== PROVIDED DATA ==
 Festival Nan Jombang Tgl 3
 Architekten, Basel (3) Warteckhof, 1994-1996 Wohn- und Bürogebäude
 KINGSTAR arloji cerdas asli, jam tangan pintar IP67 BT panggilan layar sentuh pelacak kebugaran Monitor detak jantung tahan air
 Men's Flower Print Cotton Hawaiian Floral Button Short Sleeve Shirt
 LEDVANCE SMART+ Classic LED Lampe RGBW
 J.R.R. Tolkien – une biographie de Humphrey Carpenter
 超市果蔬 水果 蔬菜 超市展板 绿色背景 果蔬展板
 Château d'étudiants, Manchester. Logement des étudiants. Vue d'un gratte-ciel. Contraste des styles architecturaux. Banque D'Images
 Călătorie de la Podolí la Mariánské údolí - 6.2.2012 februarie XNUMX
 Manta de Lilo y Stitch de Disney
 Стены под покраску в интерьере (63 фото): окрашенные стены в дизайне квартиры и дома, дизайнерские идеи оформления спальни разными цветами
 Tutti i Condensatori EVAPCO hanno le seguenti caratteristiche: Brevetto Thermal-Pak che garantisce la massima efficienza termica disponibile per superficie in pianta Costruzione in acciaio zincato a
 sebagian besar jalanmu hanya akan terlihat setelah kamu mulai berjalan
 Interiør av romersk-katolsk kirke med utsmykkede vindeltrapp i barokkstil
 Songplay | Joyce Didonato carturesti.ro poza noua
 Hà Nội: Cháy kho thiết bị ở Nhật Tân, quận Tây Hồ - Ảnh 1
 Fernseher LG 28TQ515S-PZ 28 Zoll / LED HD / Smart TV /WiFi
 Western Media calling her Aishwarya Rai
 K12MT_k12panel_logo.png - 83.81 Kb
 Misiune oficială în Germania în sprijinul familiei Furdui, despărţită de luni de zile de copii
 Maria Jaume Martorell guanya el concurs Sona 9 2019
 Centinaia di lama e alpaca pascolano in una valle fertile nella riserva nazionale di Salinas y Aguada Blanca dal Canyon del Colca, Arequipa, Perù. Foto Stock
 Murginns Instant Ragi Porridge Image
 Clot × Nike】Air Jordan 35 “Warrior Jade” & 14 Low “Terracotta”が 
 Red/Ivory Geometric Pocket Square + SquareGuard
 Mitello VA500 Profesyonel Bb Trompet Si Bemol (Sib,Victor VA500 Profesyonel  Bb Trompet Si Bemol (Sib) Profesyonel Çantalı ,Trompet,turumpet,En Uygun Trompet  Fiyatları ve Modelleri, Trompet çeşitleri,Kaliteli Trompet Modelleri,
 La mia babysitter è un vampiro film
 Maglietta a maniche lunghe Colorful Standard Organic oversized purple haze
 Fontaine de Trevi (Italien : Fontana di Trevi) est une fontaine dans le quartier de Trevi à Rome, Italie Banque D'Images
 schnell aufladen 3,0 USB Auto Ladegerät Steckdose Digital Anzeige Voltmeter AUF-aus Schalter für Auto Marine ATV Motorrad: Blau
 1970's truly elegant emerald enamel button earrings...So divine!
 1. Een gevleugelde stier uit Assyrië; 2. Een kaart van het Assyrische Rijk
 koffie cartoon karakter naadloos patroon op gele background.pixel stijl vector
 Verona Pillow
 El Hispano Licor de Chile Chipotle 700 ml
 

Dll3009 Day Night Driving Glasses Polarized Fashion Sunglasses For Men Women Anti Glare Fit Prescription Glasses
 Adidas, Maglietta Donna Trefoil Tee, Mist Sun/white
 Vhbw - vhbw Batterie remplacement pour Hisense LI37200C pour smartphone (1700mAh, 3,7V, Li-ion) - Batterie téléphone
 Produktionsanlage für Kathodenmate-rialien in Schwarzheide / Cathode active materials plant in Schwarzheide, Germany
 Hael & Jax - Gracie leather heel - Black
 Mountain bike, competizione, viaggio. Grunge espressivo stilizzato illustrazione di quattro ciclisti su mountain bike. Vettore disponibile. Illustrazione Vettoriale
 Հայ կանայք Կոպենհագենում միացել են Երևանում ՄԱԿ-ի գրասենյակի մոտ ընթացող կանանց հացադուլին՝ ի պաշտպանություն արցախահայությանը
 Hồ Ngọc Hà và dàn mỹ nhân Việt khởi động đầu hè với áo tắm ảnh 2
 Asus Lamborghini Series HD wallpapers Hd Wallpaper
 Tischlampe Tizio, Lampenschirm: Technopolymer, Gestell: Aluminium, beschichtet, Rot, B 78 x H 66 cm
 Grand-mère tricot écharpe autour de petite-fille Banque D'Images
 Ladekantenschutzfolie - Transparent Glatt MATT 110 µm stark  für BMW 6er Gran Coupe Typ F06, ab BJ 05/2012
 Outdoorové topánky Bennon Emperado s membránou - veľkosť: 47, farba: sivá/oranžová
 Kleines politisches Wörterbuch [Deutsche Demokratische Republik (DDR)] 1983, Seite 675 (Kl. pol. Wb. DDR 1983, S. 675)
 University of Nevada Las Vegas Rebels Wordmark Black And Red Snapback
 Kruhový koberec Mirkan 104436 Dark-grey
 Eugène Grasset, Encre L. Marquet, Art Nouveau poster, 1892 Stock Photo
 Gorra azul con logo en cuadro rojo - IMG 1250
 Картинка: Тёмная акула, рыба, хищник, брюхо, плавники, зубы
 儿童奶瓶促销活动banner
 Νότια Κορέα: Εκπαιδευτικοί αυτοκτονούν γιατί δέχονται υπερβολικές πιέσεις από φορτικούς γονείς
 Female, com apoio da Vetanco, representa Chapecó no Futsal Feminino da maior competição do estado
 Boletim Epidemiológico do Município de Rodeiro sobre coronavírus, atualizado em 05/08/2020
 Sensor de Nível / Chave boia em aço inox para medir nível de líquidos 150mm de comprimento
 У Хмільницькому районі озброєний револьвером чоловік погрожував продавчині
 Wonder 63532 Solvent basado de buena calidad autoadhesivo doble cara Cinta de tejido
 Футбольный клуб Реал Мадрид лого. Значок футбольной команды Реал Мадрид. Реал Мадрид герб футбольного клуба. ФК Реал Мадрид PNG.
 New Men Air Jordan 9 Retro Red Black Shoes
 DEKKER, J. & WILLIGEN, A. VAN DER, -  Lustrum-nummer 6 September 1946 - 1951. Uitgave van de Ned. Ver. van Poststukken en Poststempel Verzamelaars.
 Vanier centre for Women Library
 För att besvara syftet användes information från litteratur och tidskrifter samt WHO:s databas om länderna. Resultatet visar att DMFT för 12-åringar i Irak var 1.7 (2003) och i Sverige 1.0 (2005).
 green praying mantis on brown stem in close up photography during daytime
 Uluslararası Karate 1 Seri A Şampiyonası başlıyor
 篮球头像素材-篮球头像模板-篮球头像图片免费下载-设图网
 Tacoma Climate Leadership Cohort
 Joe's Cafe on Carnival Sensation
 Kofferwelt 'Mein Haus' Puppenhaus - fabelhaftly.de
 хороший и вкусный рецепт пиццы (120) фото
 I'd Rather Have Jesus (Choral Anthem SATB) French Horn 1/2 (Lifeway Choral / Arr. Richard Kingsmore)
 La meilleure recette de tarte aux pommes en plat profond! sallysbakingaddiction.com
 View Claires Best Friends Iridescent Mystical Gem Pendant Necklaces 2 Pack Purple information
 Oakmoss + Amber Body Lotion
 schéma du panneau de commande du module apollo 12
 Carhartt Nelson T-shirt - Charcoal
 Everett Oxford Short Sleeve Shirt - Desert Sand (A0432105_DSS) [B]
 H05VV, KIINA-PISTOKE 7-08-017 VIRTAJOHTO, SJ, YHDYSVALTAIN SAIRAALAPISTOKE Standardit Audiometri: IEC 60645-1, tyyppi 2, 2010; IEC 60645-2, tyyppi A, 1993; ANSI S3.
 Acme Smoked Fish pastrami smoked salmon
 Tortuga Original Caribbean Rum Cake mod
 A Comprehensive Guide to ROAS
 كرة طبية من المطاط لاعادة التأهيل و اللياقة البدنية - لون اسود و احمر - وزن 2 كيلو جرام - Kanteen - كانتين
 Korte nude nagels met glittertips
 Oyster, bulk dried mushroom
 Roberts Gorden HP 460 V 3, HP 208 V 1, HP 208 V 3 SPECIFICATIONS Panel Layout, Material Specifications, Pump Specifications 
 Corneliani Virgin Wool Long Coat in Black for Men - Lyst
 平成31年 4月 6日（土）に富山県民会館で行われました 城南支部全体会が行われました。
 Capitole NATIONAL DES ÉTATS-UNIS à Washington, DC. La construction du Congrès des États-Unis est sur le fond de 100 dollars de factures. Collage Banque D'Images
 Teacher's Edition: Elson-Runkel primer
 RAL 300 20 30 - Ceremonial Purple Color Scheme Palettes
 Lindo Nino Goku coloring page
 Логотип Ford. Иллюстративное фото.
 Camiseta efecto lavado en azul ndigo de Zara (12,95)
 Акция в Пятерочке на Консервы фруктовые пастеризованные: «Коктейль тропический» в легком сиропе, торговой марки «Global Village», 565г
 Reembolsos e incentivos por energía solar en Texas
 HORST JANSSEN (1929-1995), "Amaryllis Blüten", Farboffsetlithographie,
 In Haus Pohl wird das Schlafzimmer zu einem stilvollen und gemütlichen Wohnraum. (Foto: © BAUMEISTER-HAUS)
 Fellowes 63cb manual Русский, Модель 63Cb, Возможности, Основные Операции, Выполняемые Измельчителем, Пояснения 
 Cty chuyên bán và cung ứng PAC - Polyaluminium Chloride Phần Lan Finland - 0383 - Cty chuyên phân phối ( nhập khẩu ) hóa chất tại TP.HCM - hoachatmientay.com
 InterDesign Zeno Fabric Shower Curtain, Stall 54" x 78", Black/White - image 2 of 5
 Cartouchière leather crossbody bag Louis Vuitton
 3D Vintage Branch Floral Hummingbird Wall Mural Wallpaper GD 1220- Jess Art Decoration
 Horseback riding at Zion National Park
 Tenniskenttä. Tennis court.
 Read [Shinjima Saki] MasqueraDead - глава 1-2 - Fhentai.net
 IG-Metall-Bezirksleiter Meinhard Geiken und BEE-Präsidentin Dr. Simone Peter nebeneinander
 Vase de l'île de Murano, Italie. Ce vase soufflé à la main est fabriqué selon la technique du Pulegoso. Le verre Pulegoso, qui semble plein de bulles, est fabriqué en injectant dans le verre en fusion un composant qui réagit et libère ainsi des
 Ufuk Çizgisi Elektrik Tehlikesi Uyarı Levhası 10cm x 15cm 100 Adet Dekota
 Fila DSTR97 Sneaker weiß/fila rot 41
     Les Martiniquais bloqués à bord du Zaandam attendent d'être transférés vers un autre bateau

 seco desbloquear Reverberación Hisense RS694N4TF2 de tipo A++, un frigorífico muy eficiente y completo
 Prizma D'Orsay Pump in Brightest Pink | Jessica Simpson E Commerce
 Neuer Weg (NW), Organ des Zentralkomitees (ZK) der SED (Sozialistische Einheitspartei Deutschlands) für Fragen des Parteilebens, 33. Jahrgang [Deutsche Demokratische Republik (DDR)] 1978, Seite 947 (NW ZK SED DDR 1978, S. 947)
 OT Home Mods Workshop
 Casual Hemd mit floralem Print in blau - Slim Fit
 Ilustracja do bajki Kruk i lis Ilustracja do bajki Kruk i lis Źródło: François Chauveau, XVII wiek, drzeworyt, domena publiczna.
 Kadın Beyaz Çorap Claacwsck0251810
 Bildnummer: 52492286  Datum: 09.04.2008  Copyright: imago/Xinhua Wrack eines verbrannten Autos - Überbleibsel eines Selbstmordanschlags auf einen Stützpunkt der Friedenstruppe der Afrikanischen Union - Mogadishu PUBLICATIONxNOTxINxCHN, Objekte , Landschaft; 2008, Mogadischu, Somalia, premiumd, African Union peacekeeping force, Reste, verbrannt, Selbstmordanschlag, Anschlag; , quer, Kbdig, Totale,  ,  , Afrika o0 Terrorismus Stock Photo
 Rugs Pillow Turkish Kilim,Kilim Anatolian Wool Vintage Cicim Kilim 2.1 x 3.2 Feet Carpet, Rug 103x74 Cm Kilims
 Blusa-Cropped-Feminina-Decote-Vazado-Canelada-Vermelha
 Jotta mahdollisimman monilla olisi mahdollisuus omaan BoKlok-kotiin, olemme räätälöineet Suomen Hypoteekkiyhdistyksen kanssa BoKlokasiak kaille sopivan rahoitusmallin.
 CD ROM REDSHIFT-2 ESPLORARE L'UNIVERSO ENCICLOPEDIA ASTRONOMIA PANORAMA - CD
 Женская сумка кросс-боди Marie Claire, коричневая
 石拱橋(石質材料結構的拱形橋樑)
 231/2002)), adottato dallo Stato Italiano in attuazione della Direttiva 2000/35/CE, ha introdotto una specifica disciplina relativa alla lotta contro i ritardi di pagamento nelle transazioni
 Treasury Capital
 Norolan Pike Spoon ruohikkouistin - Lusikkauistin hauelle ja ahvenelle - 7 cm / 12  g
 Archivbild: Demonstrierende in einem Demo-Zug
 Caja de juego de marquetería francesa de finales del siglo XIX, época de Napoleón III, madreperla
===
** TASK DESCRIPTION **
Would you retype exactly the lines above, from the line with "Mountain bike, competizione, viaggio." to the line with "Asus Lamborghini Series", with both end lines kept and nothing more?

** ANSWER SPACE **
 Mountain bike, competizione, viaggio. Grunge espressivo stilizzato illustrazione di quattro ciclisti su mountain bike. Vettore disponibile. Illustrazione Vettoriale
 Հայ կանայք Կոպենհագենում միացել են Երևանում ՄԱԿ-ի գրասենյակի մոտ ընթացող կանանց հացադուլին՝ ի պաշտպանություն արցախահայությանը
 Hồ Ngọc Hà và dàn mỹ nhân Việt khởi động đầu hè với áo tắm ảnh 2
 Asus Lamborghini Series HD wallpapers Hd Wallpaper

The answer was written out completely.